Requirement: Exactly as written, return all the data, leaving its pictures behind.

Data extract:
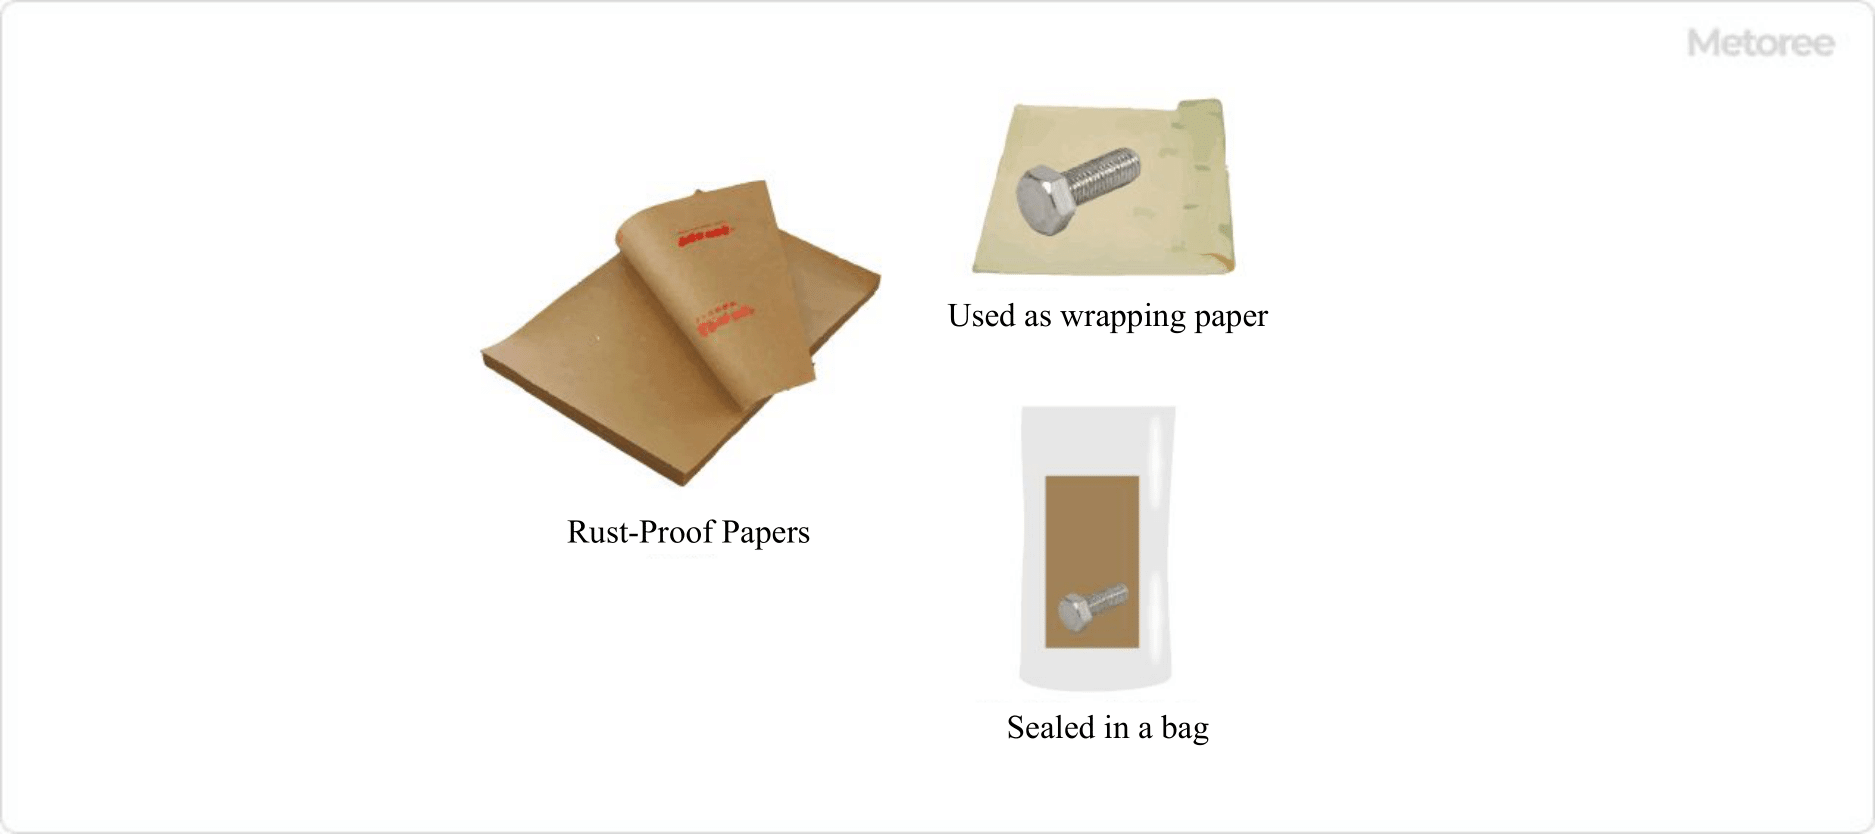 3487_Rust-Proof-Papers_防錆紙_-1.png
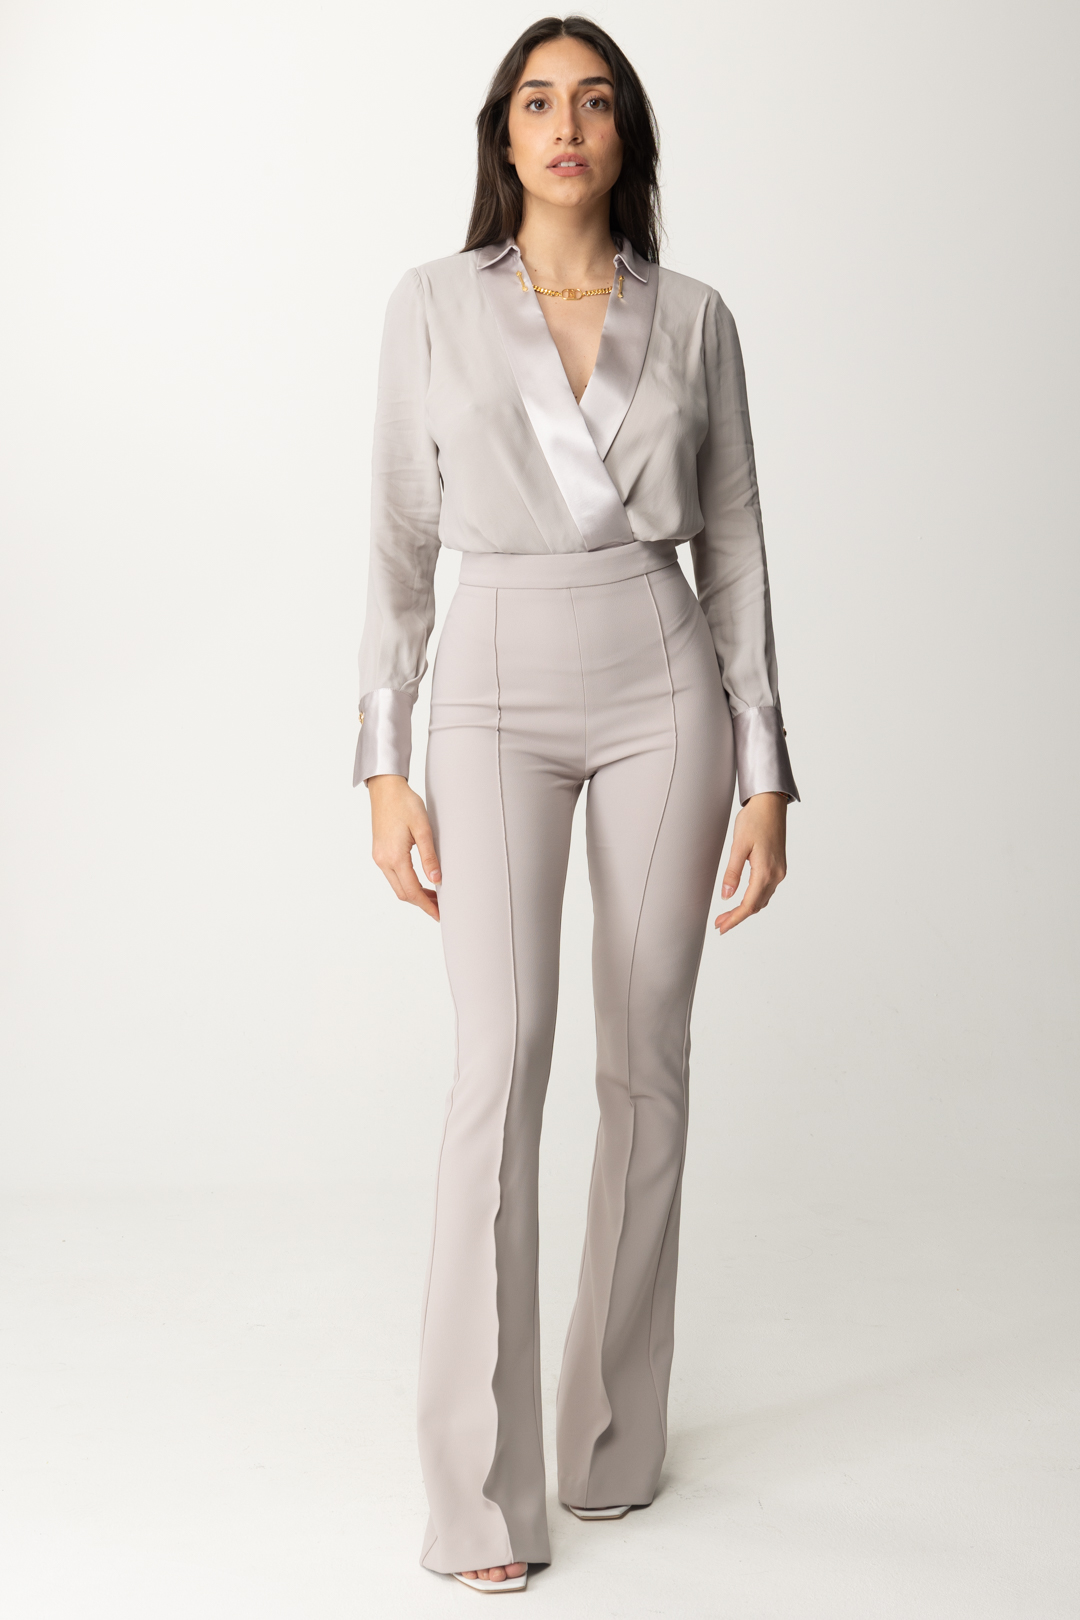 Preview: Elisabetta Franchi Combined Jumpsuit with Collar Accessory Perla
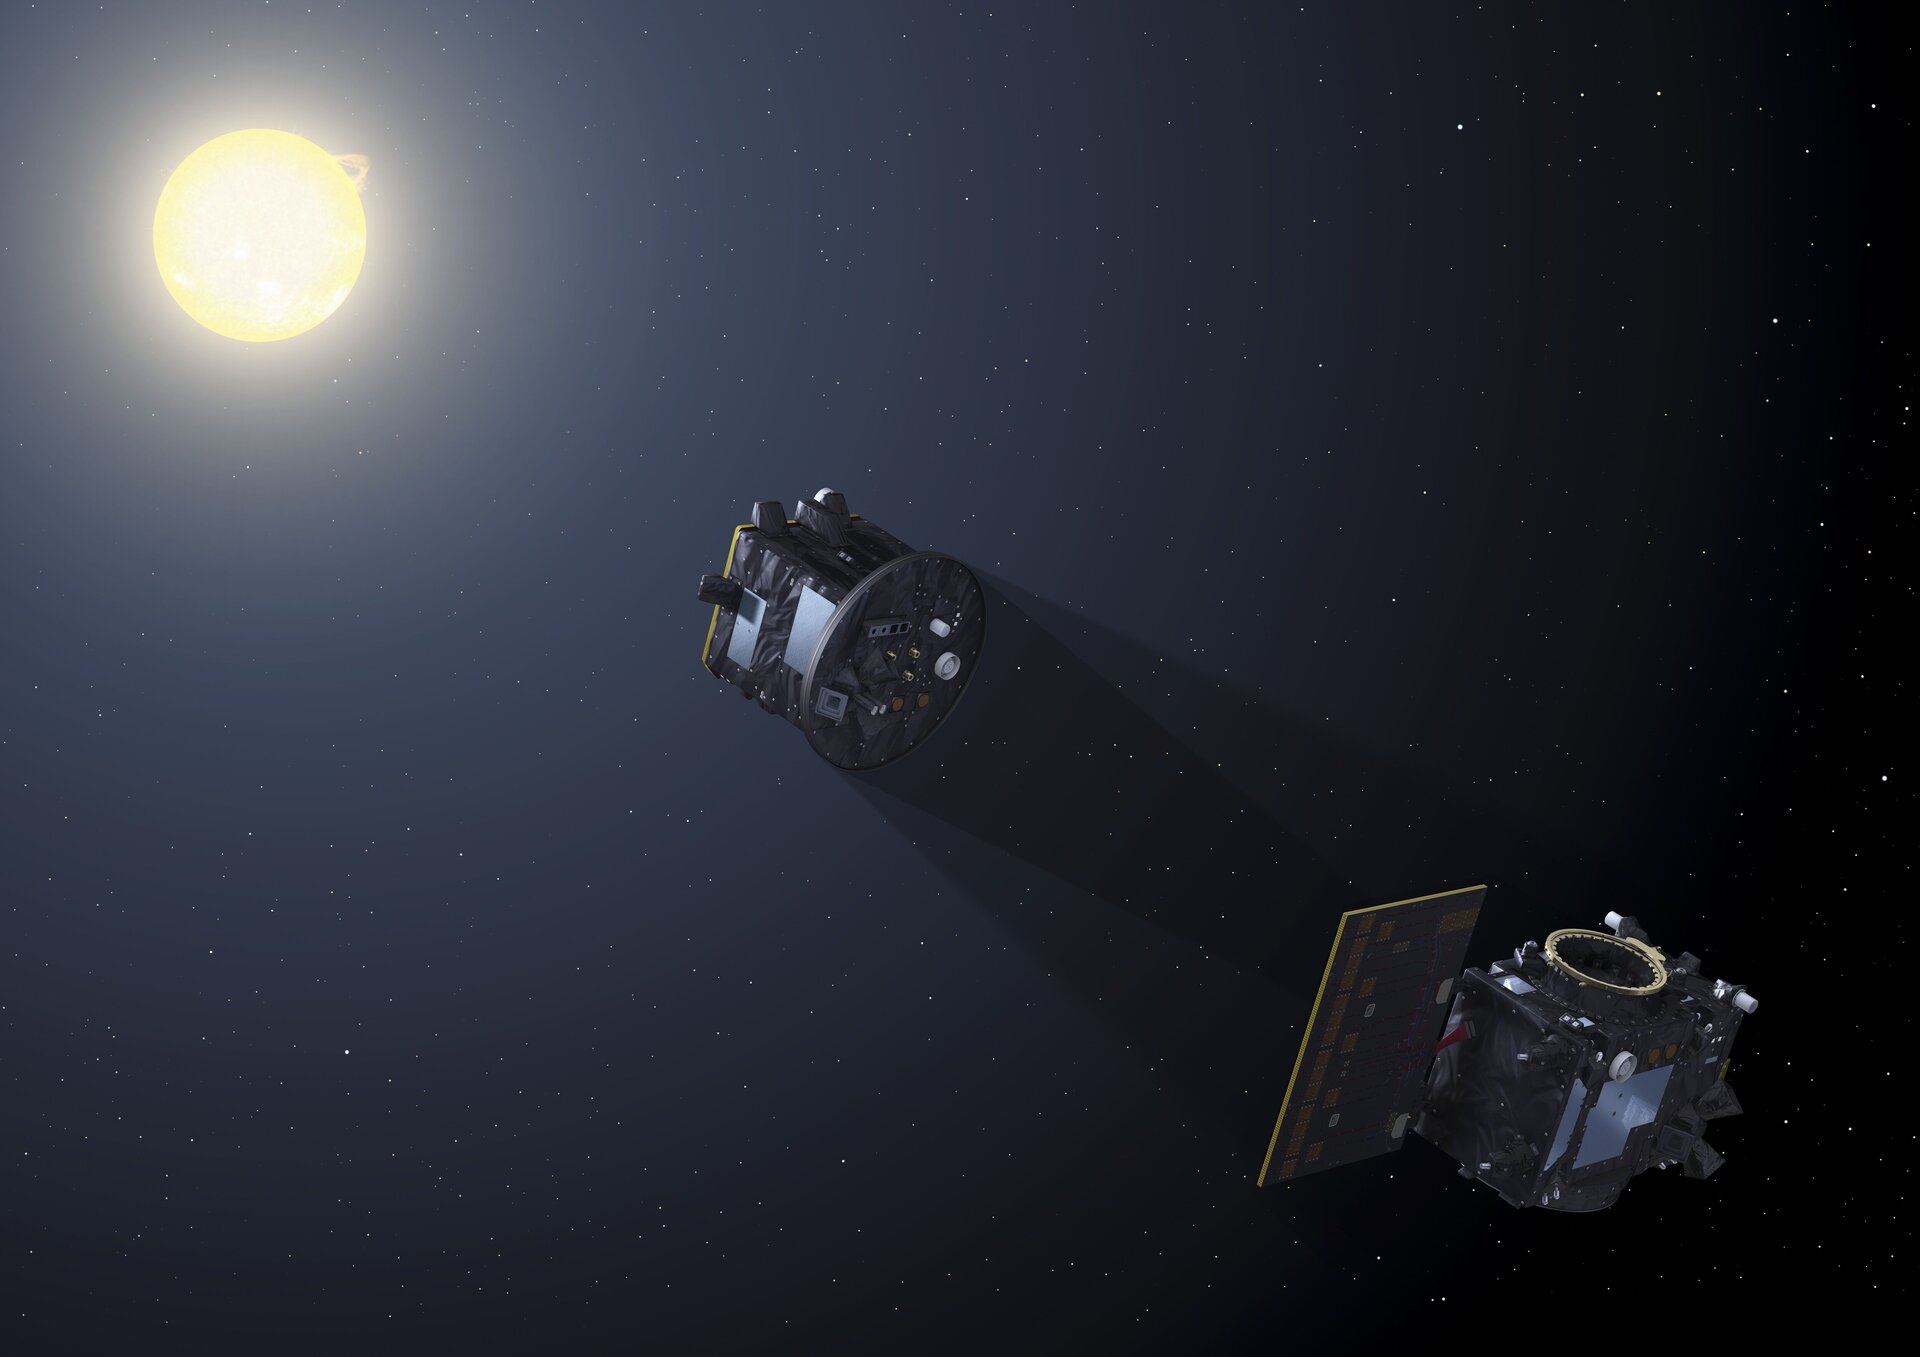 Artist's impression of ESA's Proba-3 mission blocking the Sun between two spacecraft
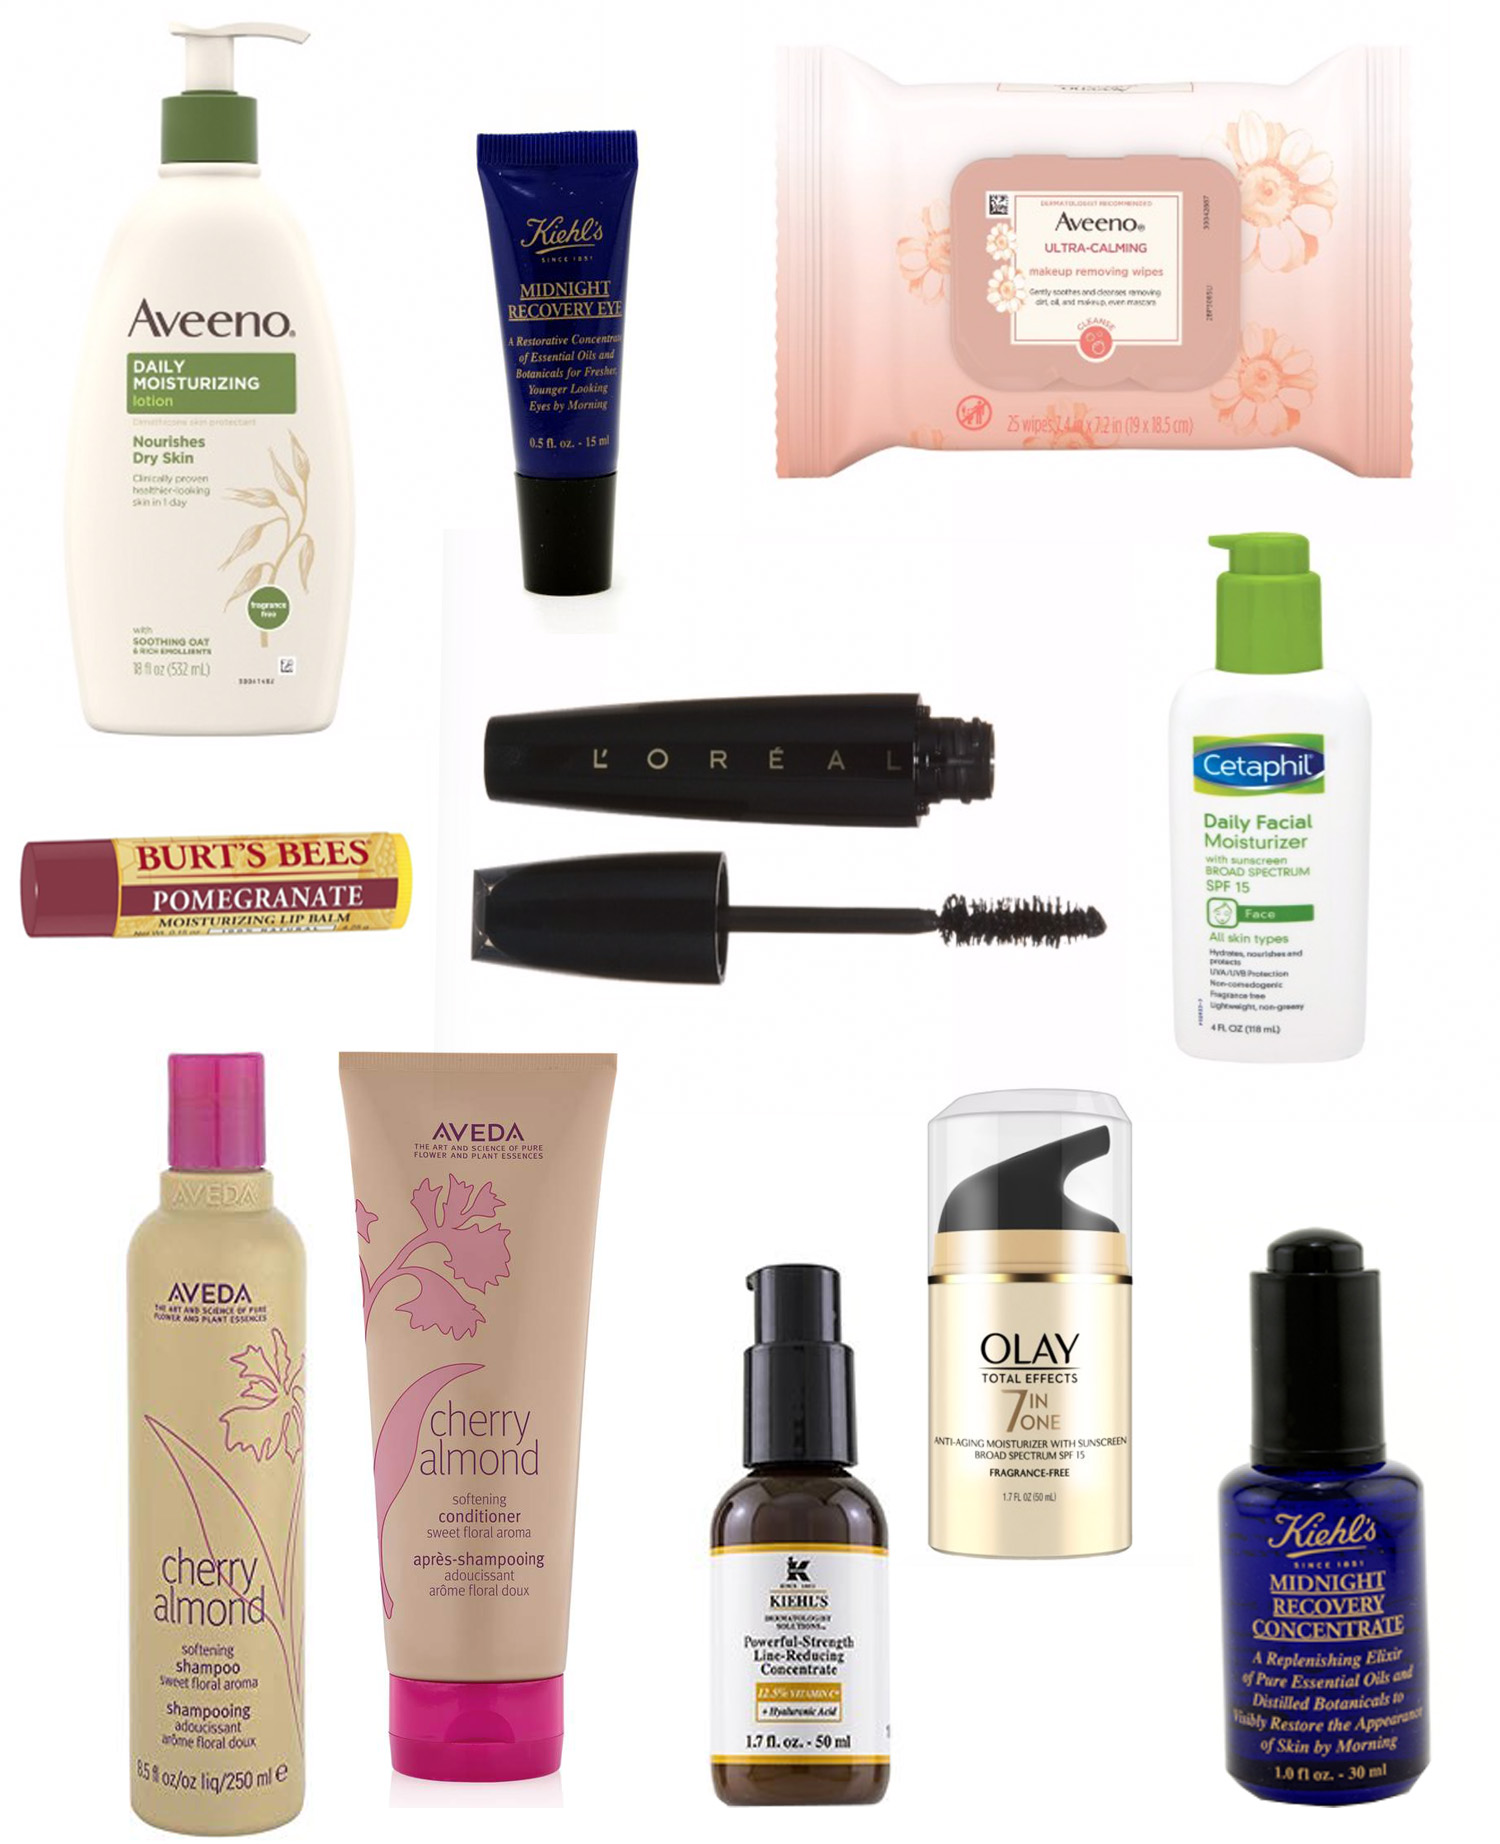 My Favorite Drugstore Makeup and Skin Care Products

Task answer:
 3487_Rust-Proof-Papers_防錆紙_-1.png
 Preview: Elisabetta Franchi Combined Jumpsuit with Collar Accessory Perla
 Artist's impression of ESA's Proba-3 mission blocking the Sun between two spacecraft
 My Favorite Drugstore Makeup and Skin Care Products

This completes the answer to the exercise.